START Recorded information

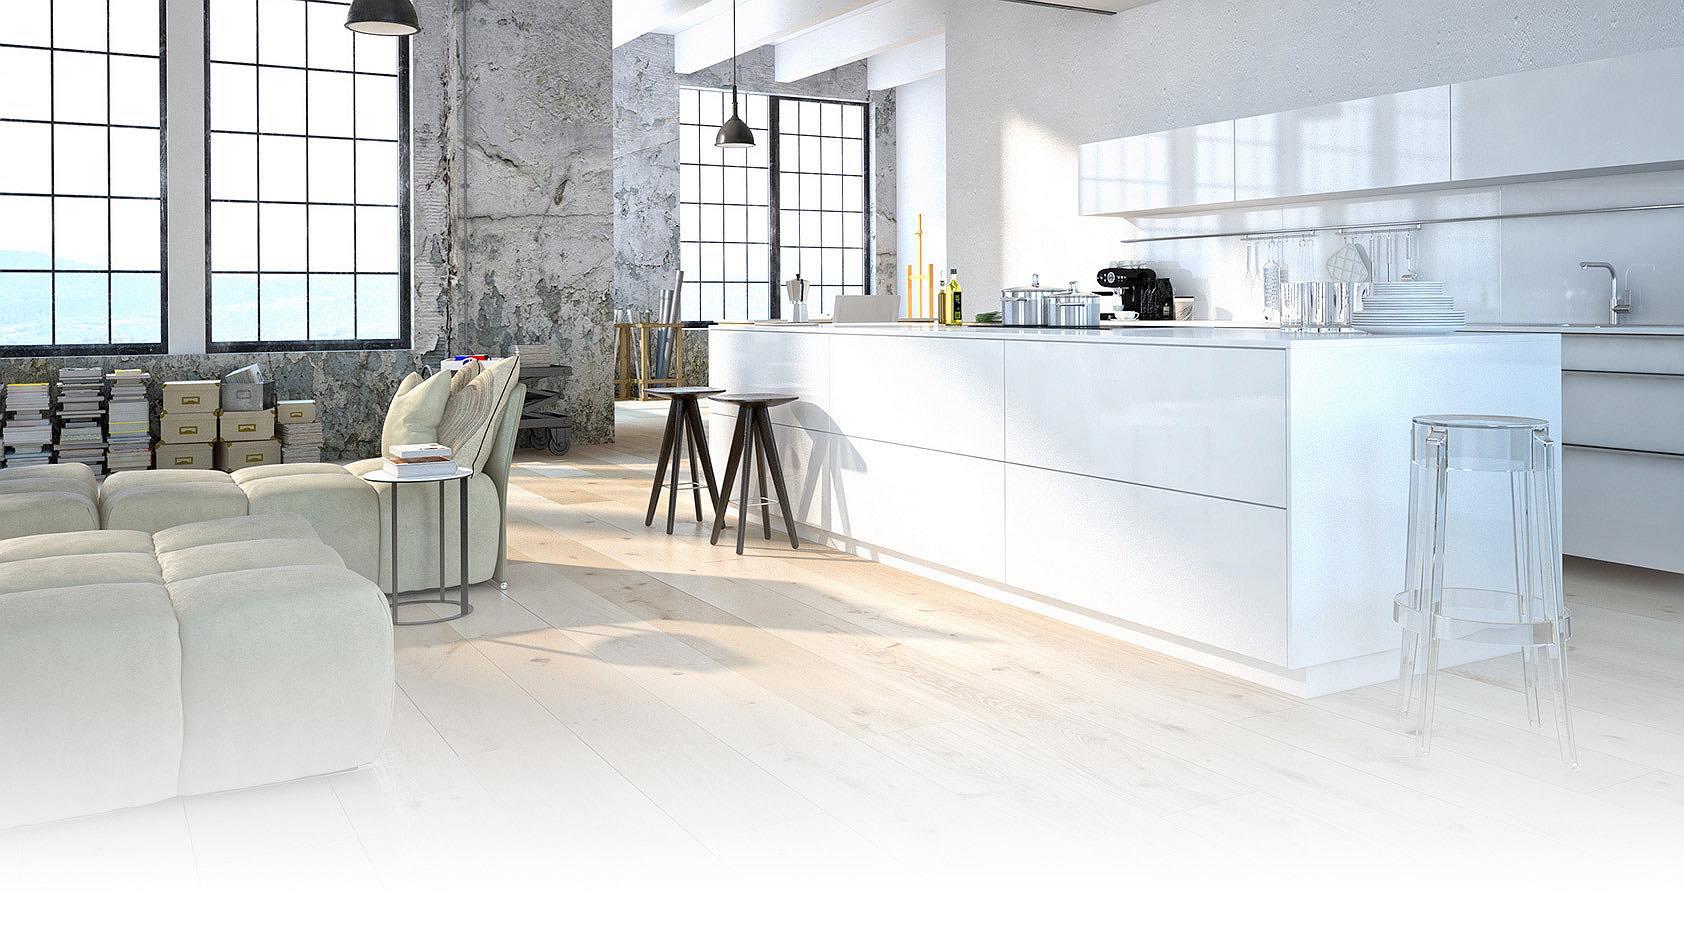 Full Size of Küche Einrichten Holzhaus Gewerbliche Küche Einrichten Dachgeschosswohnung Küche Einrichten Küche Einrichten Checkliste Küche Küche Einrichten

END Recorded information
START Recorded information

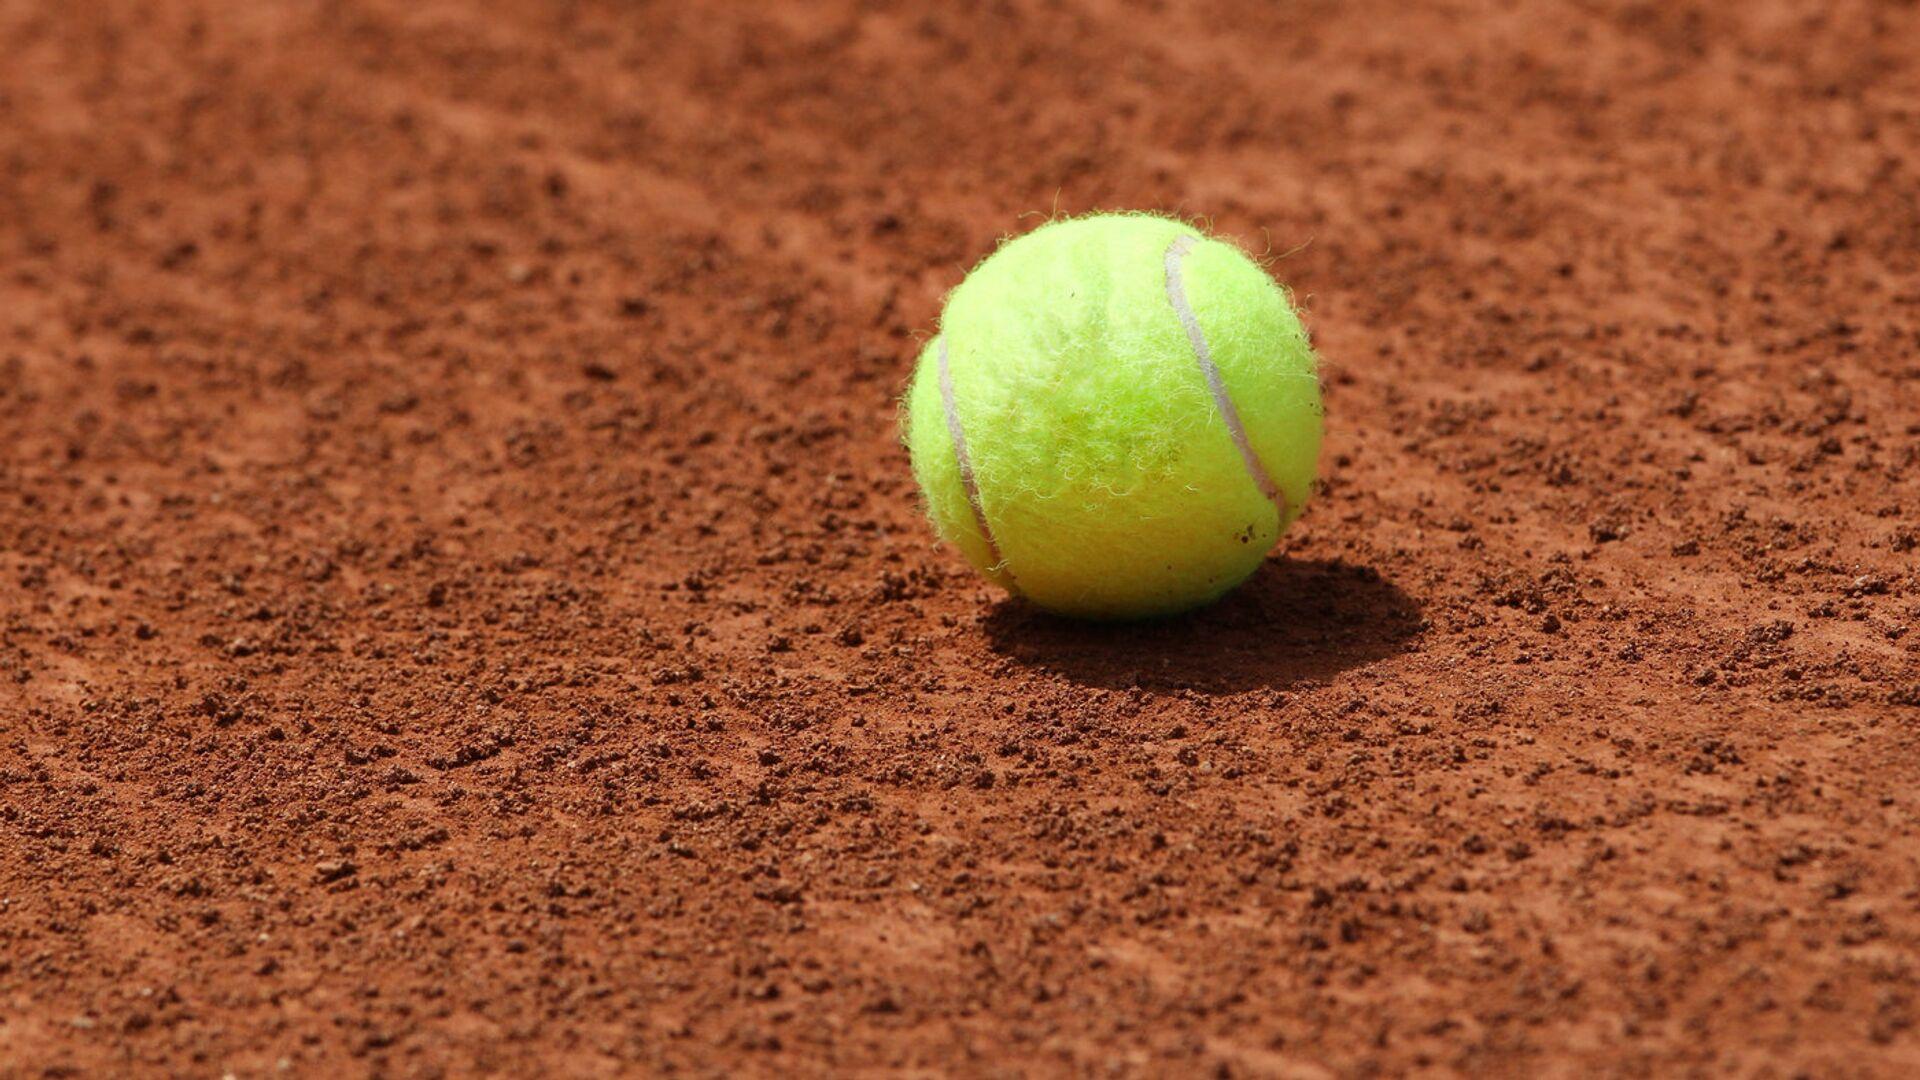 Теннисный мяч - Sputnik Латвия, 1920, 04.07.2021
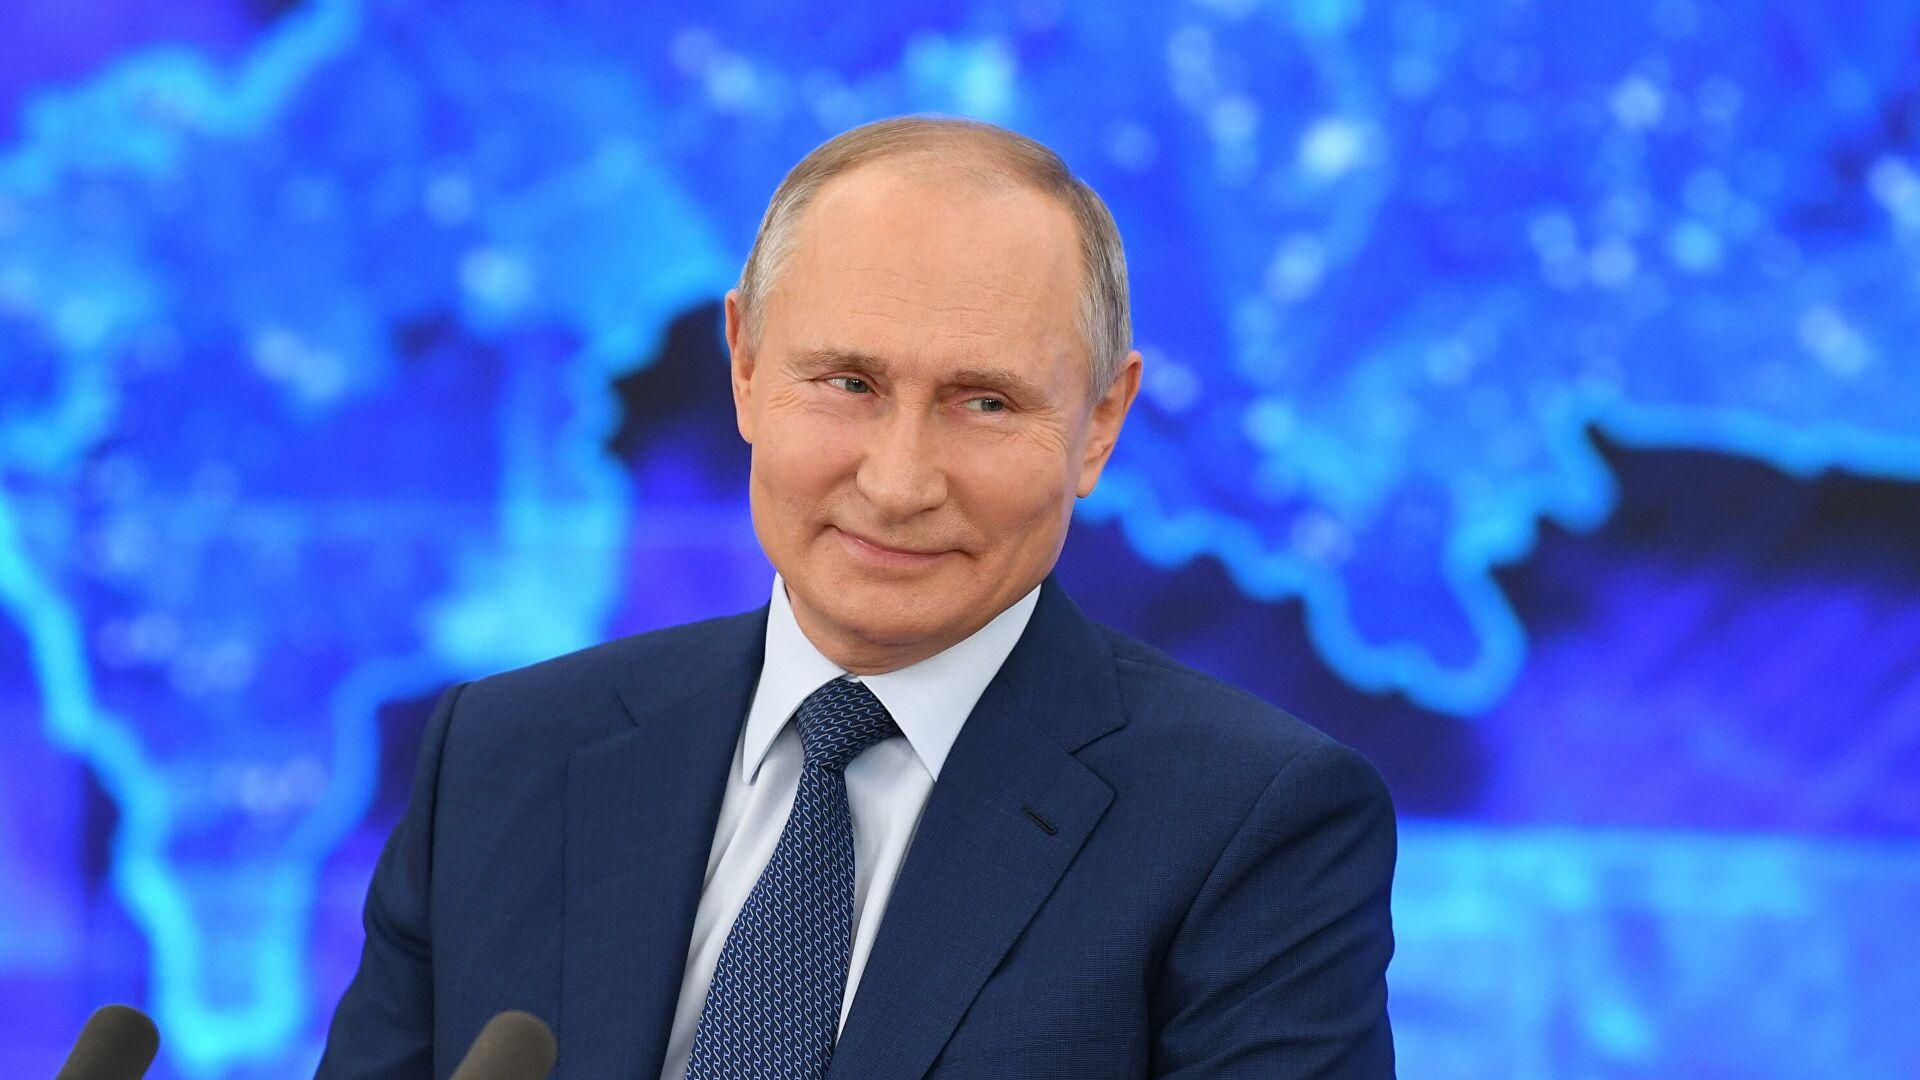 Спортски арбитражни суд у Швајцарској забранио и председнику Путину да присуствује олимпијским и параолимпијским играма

END Recorded information
START Recorded information

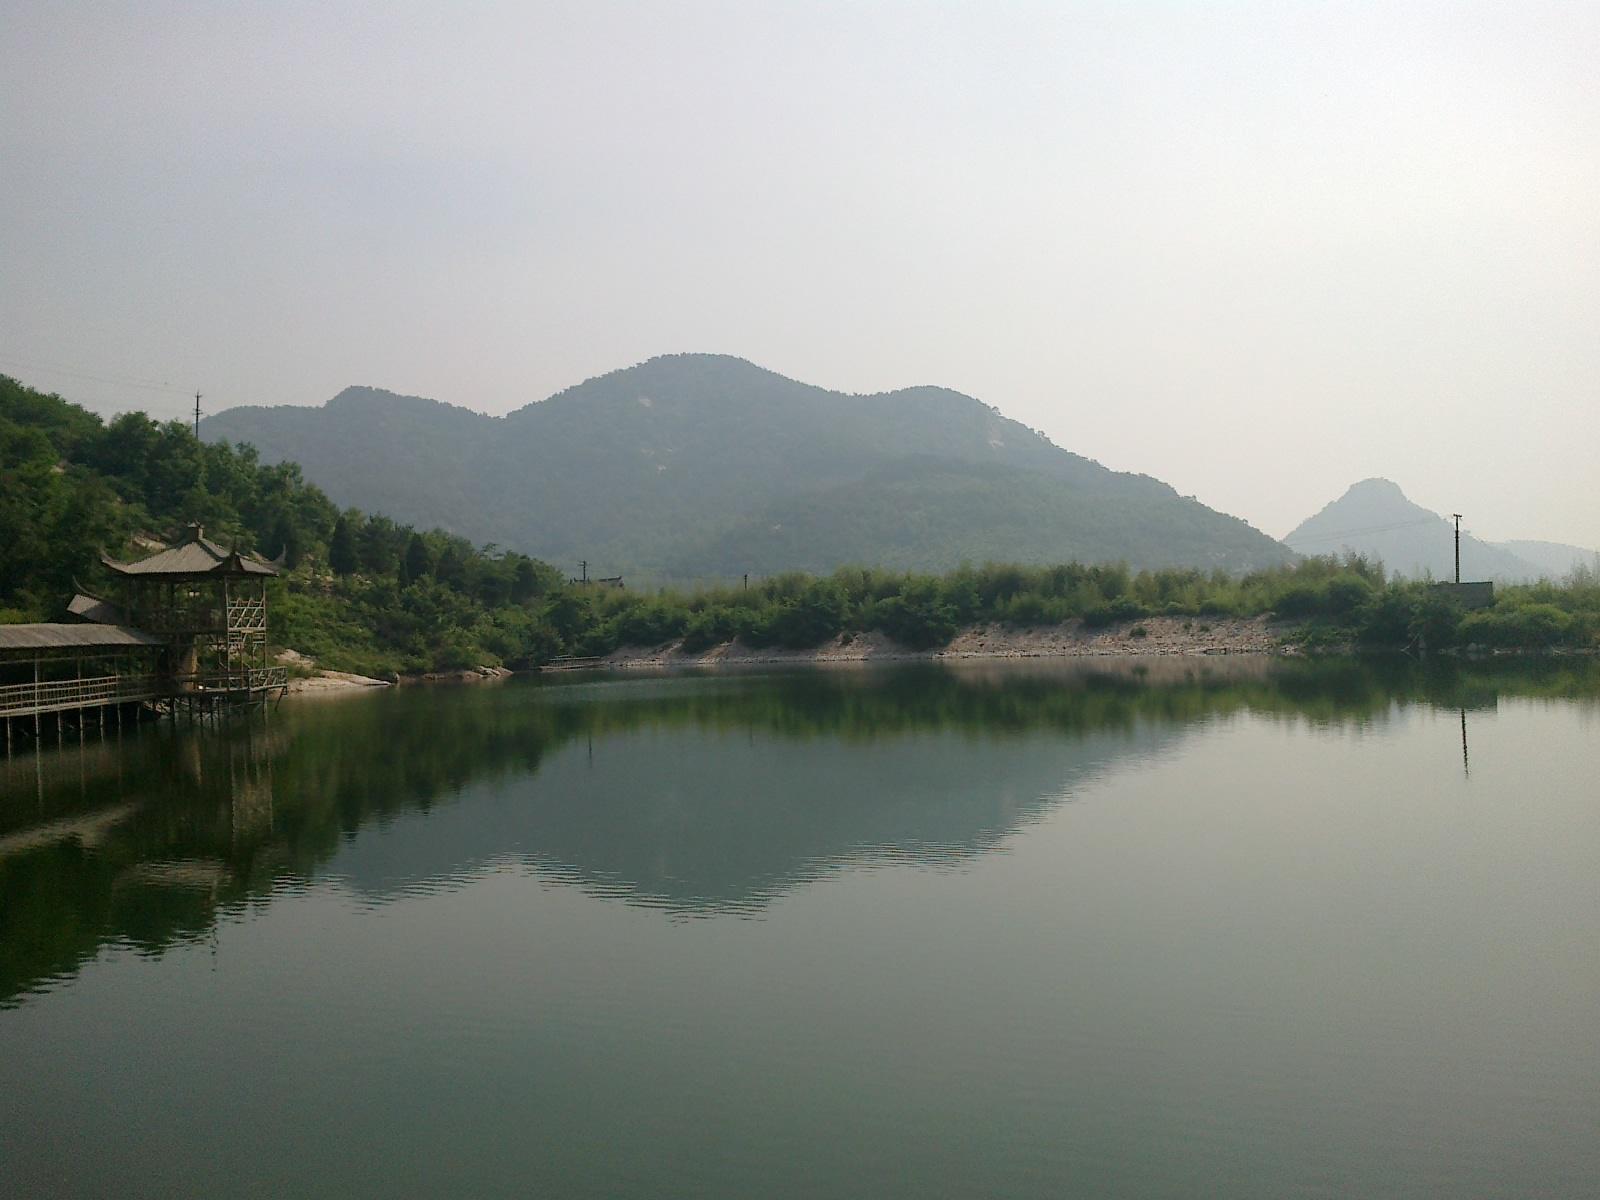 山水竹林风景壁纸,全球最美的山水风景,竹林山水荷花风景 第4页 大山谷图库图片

END Recorded information

**Your task**
Extract, without any images, the part of the material above that opens with the line containing "Теннисный мяч - Sputnik" and closes with the line containing "Спортски арбитражни суд", both lines included.

**Exercise solution**
 Теннисный мяч - Sputnik Латвия, 1920, 04.07.2021
 Спортски арбитражни суд у Швајцарској забранио и председнику Путину да присуствује олимпијским и параолимпијским играма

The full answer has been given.